___ Provided data

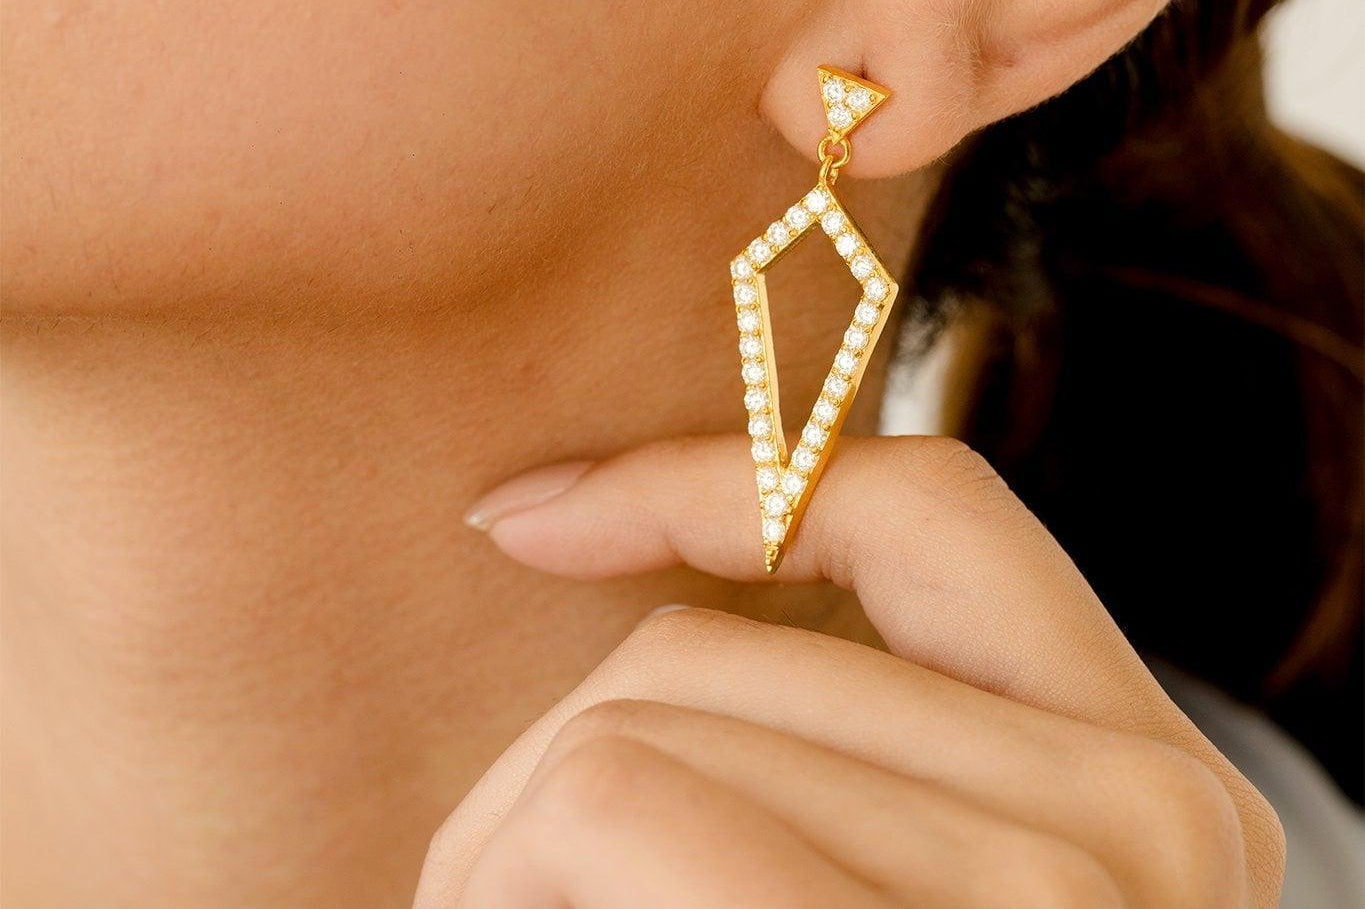 Genuine Gold Dangle Earrings, White/Yellow Gold Earrings for Ladies, Natural White Diamond Earrings, Designer Gift for-Wedding - GeumJewels
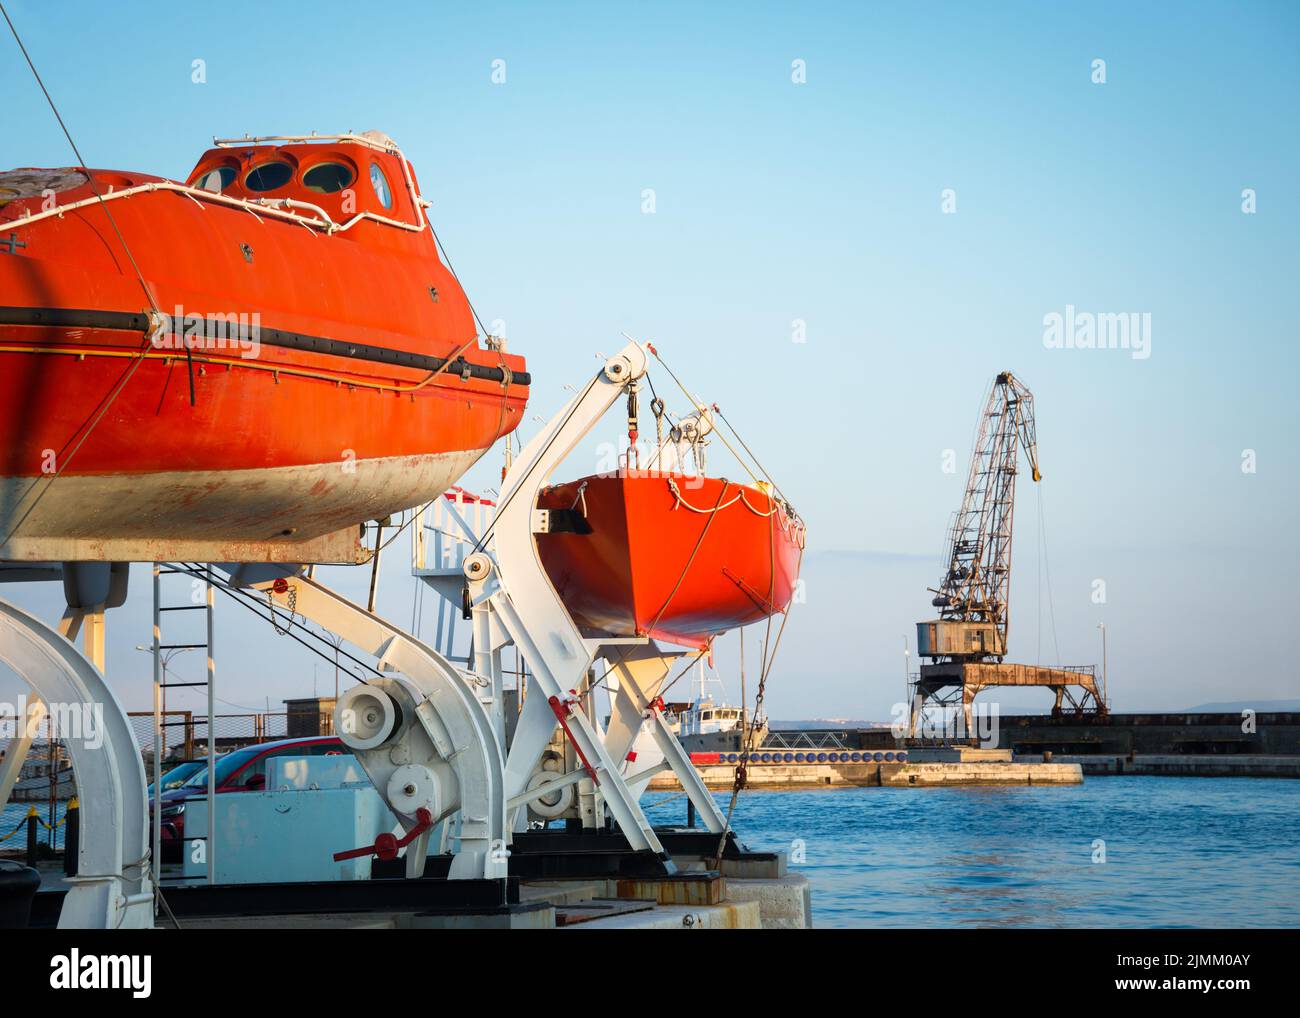 Lifeboat secured to large ship in the port of Rijeka,Croatia Stock Photo
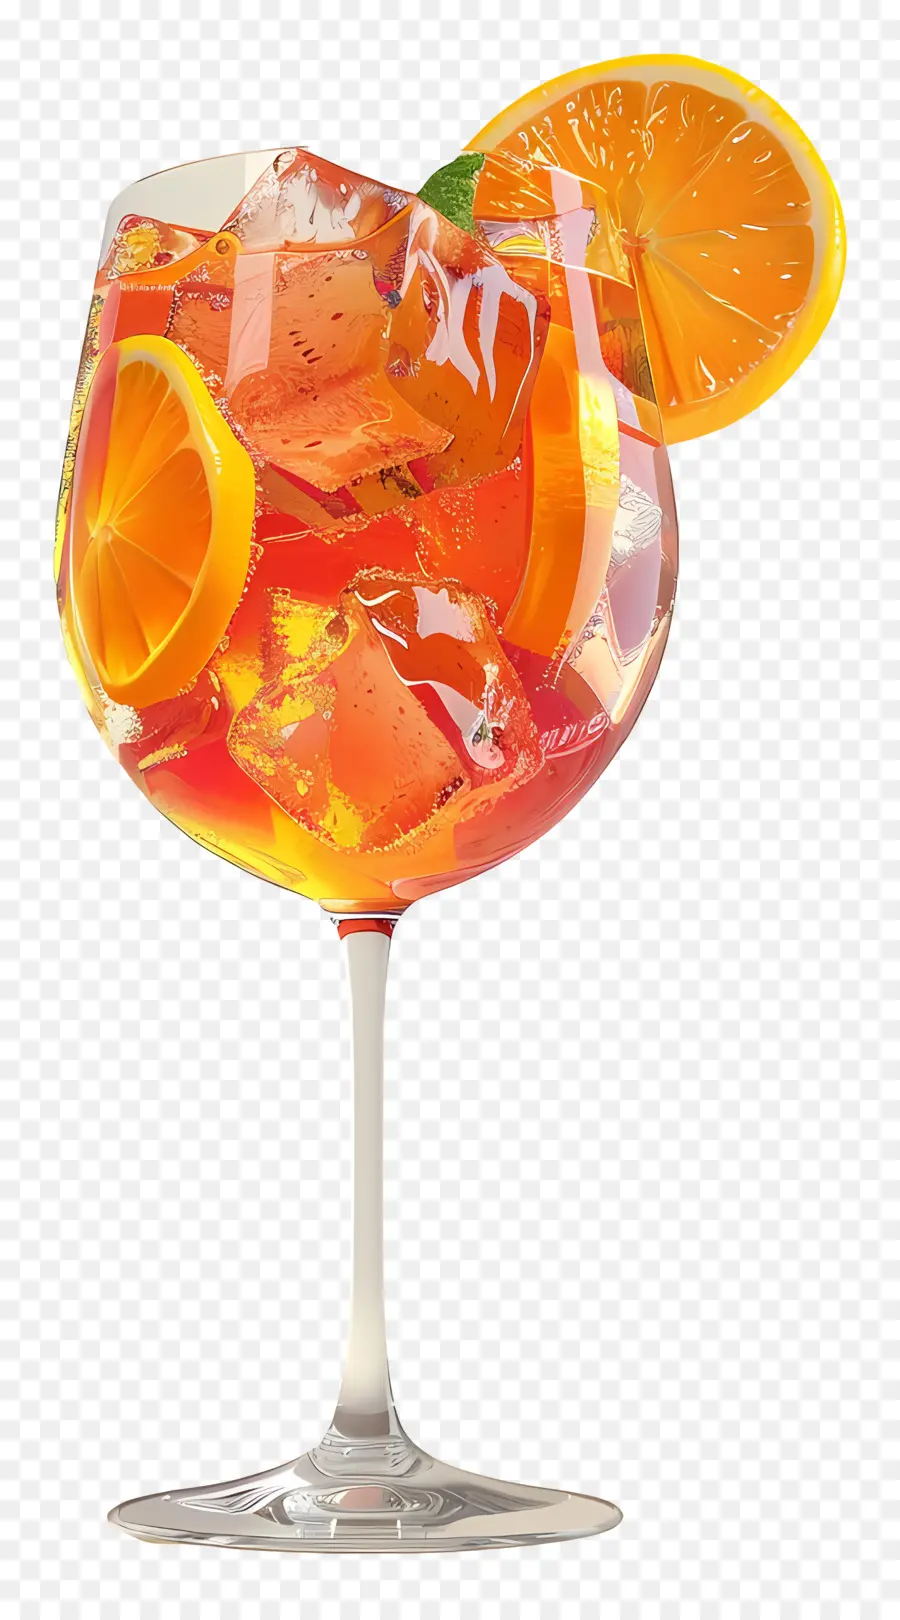 aperolo bevanda arancione foglie di menta fetta di bicchiere d'acqua arancione - Bicchiere di bevanda arancione con foglie di menta
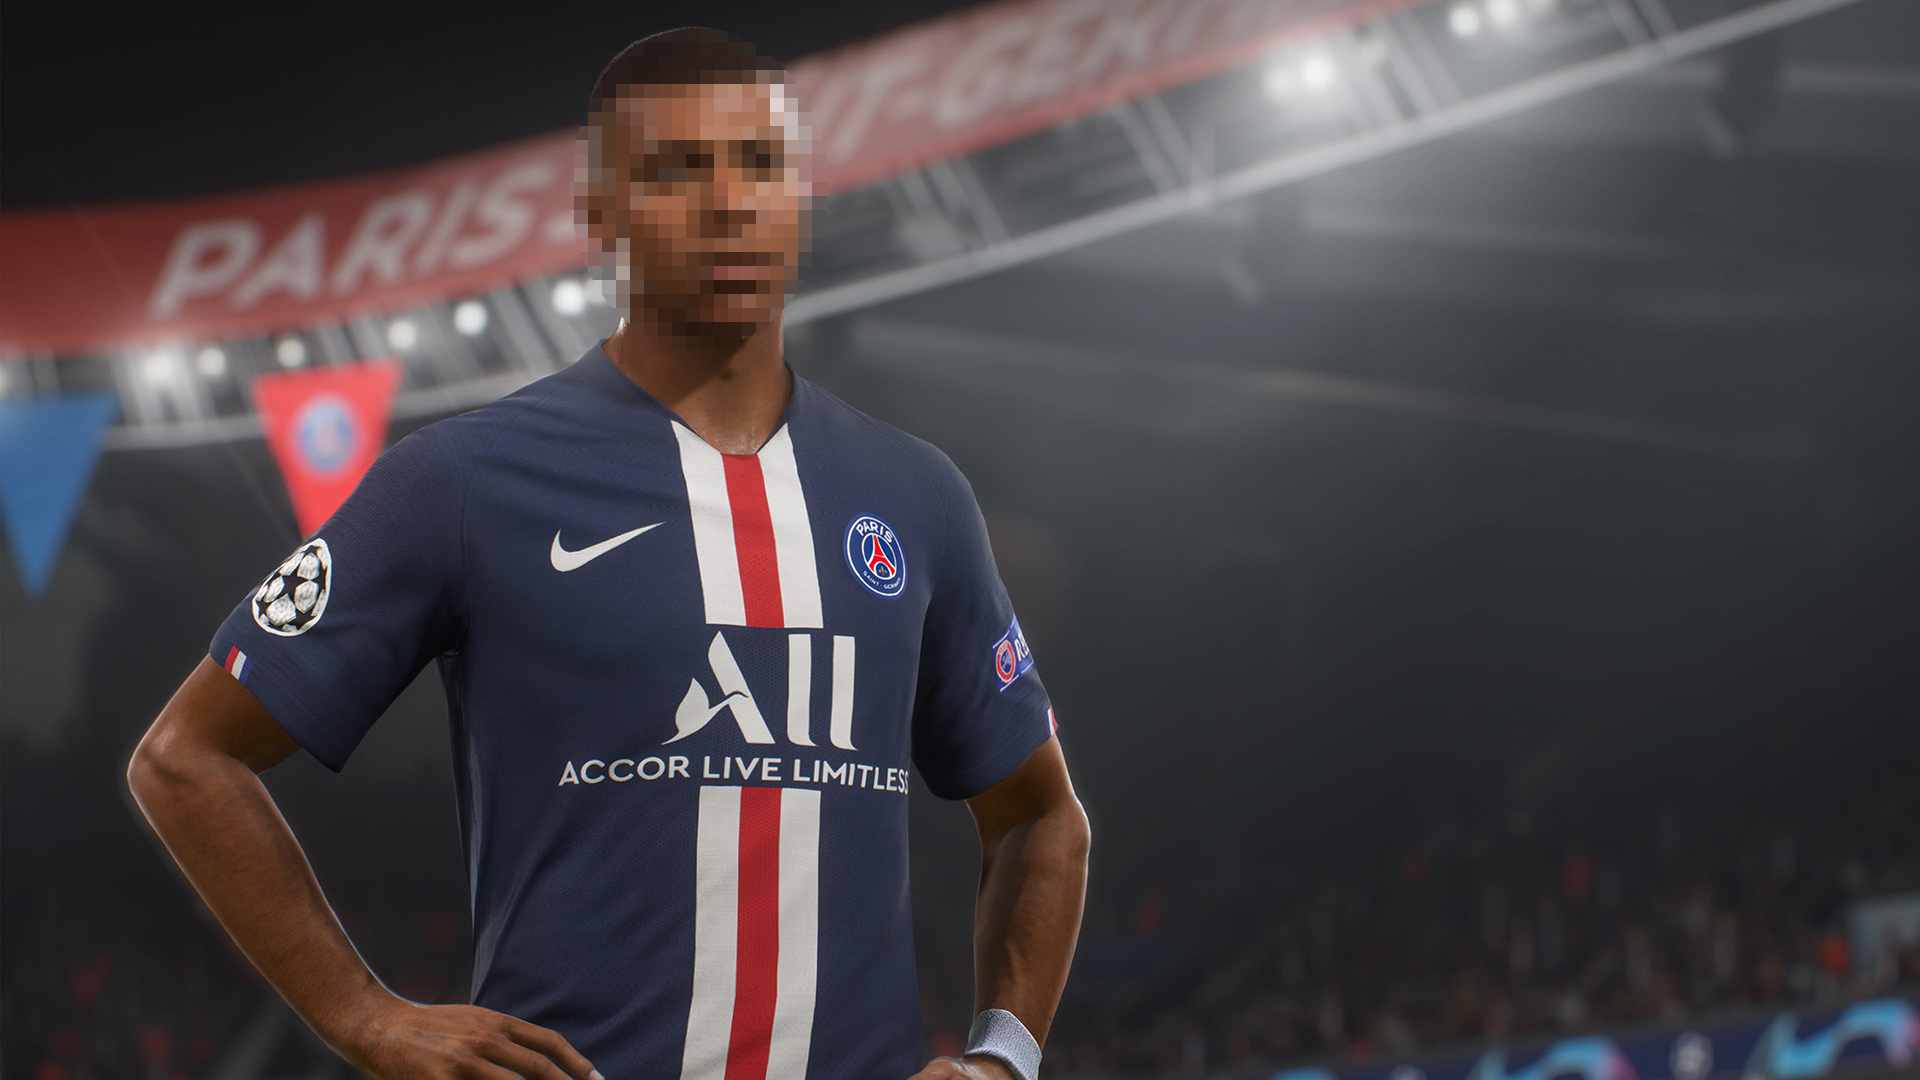 A disguised Paris Saint Germain player

______

→ **Work required**: Only the words belong in your copy: restate the data above exactly and leave the images out.

→ **Reply to the exercise**:
 Genuine Gold Dangle Earrings, White/Yellow Gold Earrings for Ladies, Natural White Diamond Earrings, Designer Gift for-Wedding - GeumJewels
 Lifeboat secured to large ship in the port of Rijeka,Croatia Stock Photo
 aperolo bevanda arancione foglie di menta fetta di bicchiere d'acqua arancione - Bicchiere di bevanda arancione con foglie di menta
 A disguised Paris Saint Germain player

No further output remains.